One potential political benefit for foreign countries participating in BRI projects is the potential to shape Chinese initiatives to be more favorable or compliant with their wishes. For example, European countries could identify projects that enhance land connections between Europe and Asia, but bypass Russia. This would allow them to not only develop economically, but it would also help alleviate the security concern of Russia controlling vital trade routes and thereby decrease European reliance on Russia.
Foreign involvement in the BRI can also increase those countries’ clout within China to guarantee that it does not expand without oversight. According to Daniel Guyader, the head of the Division in charge of Global Issues within the Department of Multilateral and Global Issues at the European External Action Service (EEAS), involvement can be seen as a way to “influence from within” to check growing Chinese influence in Europe and in the world’s economy. This is one way to soothe international fears of Chinese domination in international markets and may prove to be an essential part of the future of international commerce.
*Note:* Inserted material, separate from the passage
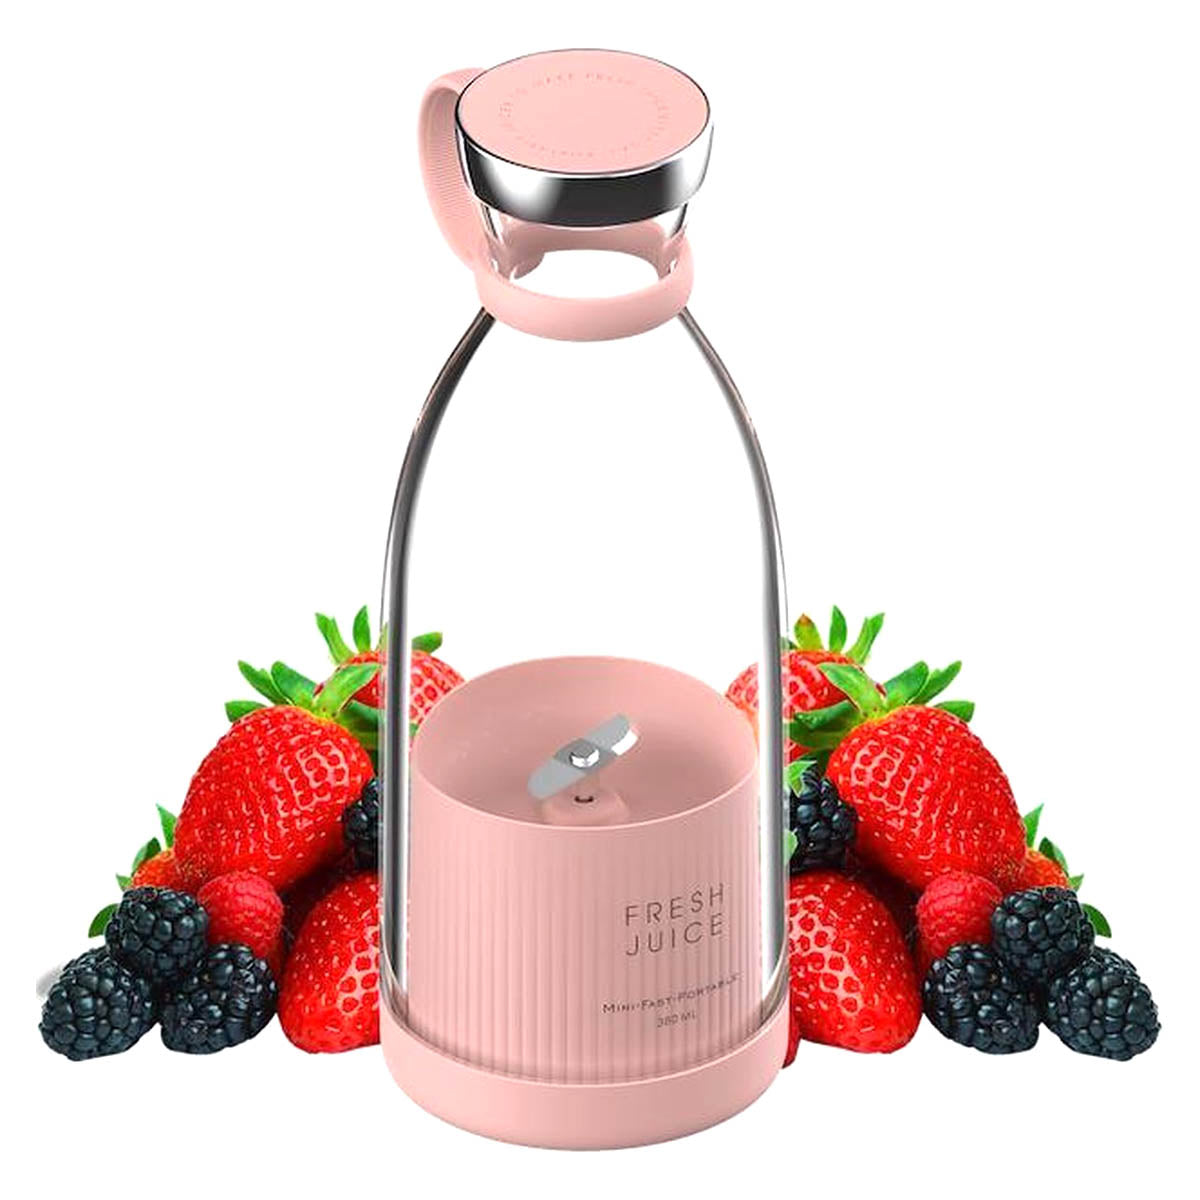 <tc>Ariko</tc> Portable Blender - Mini blender for on the go - smoothie mixer - Baby food - Fresh Juices - 350ml - Magnetic USB charger - Pink

Not All that Glitters is Gold: Challenges and Potential Roadblocks
However, the BRI also presents a host of challenges to foreign countries. For one thing, foreign companies still do not have nearly the same level access to Chinese markets that China has to foreign markets. For example, China and the EU do not have a bilateral investment treaty, so most of the current BRI investment projects are mainly funded by Chinese state-owned banks or regional banks, rather than multilateral banks, like the Asian Infrastructure Investment Bank (AIIB) or the Asian Development Bank (ADB) or international investors. Regardless of whether this is due to China’s enduring protectionist stance or its overcapacity in production, third parties like the US and EU may stand little to gain from BRI investment projects, while China will majorly benefit from each project. In terms of absolute gains, both parties win, but in terms of relative gains, China benefits much more.
Additionally, as third party countries eagerly compete for access to Chinese markets and investment in certain projects, China may exploit this competition and make deals only with countries that will give China relative freedom on projects and percentages on return. The ultimate concern of this ‘checkbook diplomacy’ is that it will pit countries against each other and lead to a slippery slope of compromising with China more and more until all or the majority of deals made will almost solely benefit China.
A Double-edged Blessing or an Ambiguous Curse?
Still in its initial stages, the BRI has potential to be either an economic boon that increases international collaboration or a destructive force that exacerbates existing tensions. Given the current turmoil in Europe, the effects of the BRI in Europe are of particular note. On one hand, it has created business opportunities through investment and improved infrastructure, presented a means to further the EU economic agenda and provided a channel to influence Chinese policy decisions. On the other, BRI projects seem unfairly beneficial to China, may threaten EU cohesion and violate EU business standards. Already, the EU has positioned itself as less than friendly toward large, international companies. Considering the latest tax fines against Apple and Amazon, it seems almost impossible that Europe will embrace China’s massive venture. However, as the Chinese seem determined to continue with the initiative, the future nature of Sino-European relations will be determined by how the EU responds to its current situation and we will have to wait and see what the outcome will be.
The views expressed by the author do not necessarily reflect those of the Glimpse from the Globe staff, editors or governors.